▶ _Data shown_:
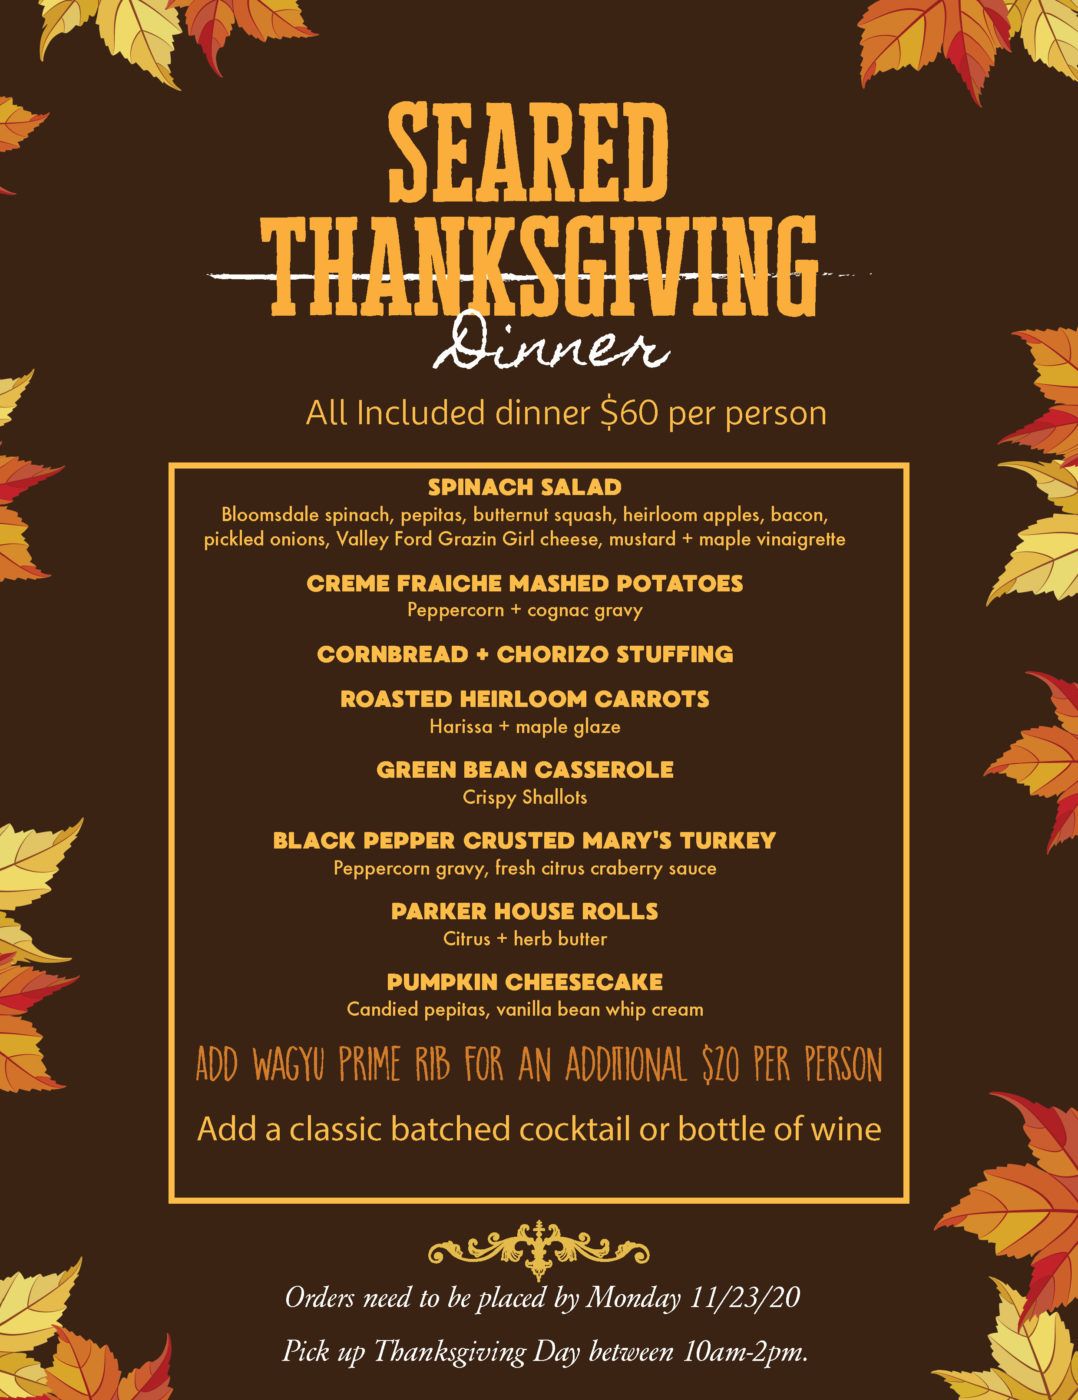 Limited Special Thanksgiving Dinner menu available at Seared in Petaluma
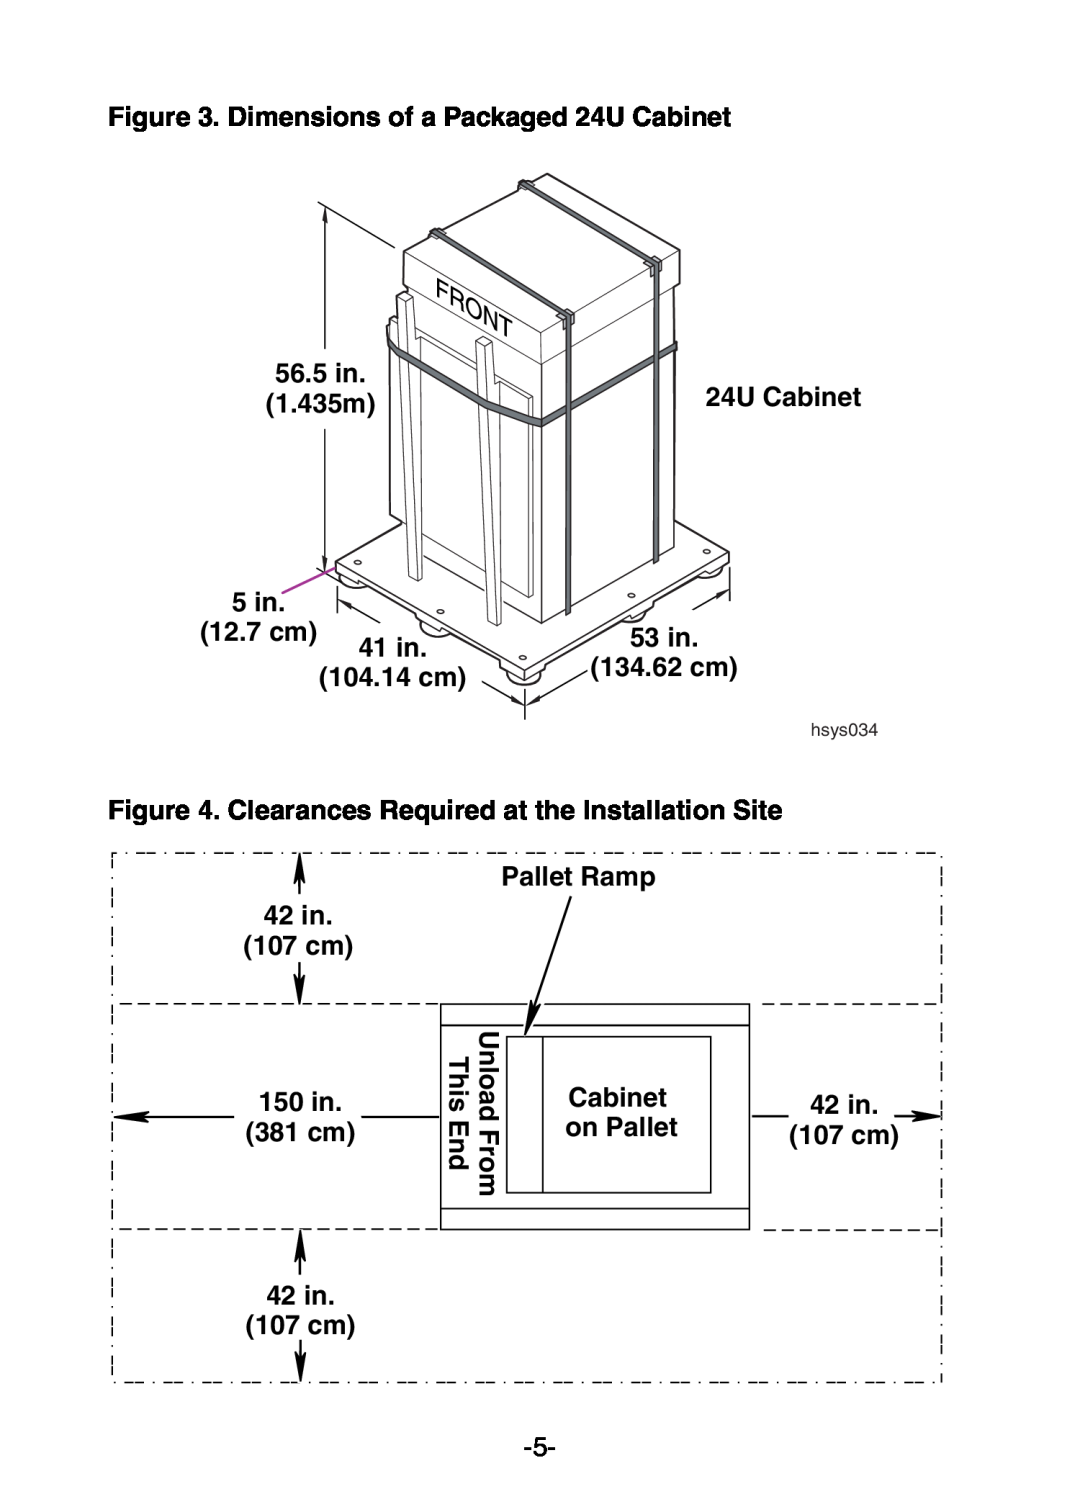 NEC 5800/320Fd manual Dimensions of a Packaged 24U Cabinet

---

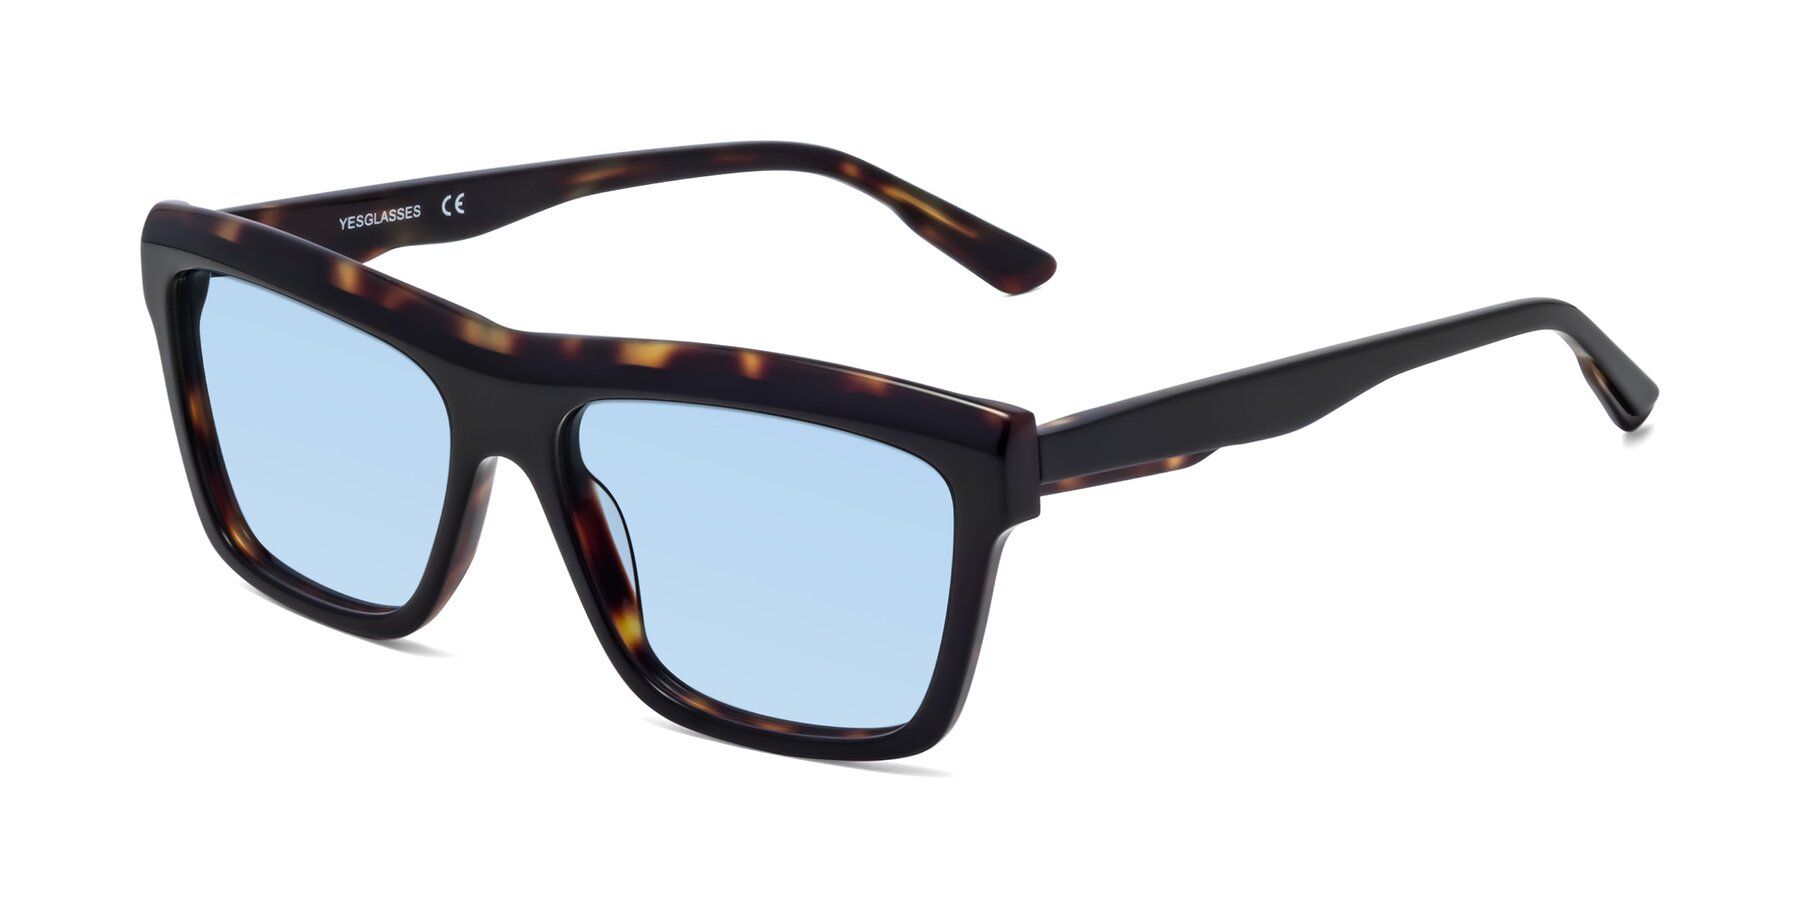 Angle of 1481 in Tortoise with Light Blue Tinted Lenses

▶ _Problem to work on_:
Within the listing above, the lines from the one with "Limited Special Thanksgiving" through the one with "NEC 5800/320Fd manual" are to be given again word for word. Do not include pictures.

▶ _Problem solution_:
 Limited Special Thanksgiving Dinner menu available at Seared in Petaluma
 NEC 5800/320Fd manual Dimensions of a Packaged 24U Cabinet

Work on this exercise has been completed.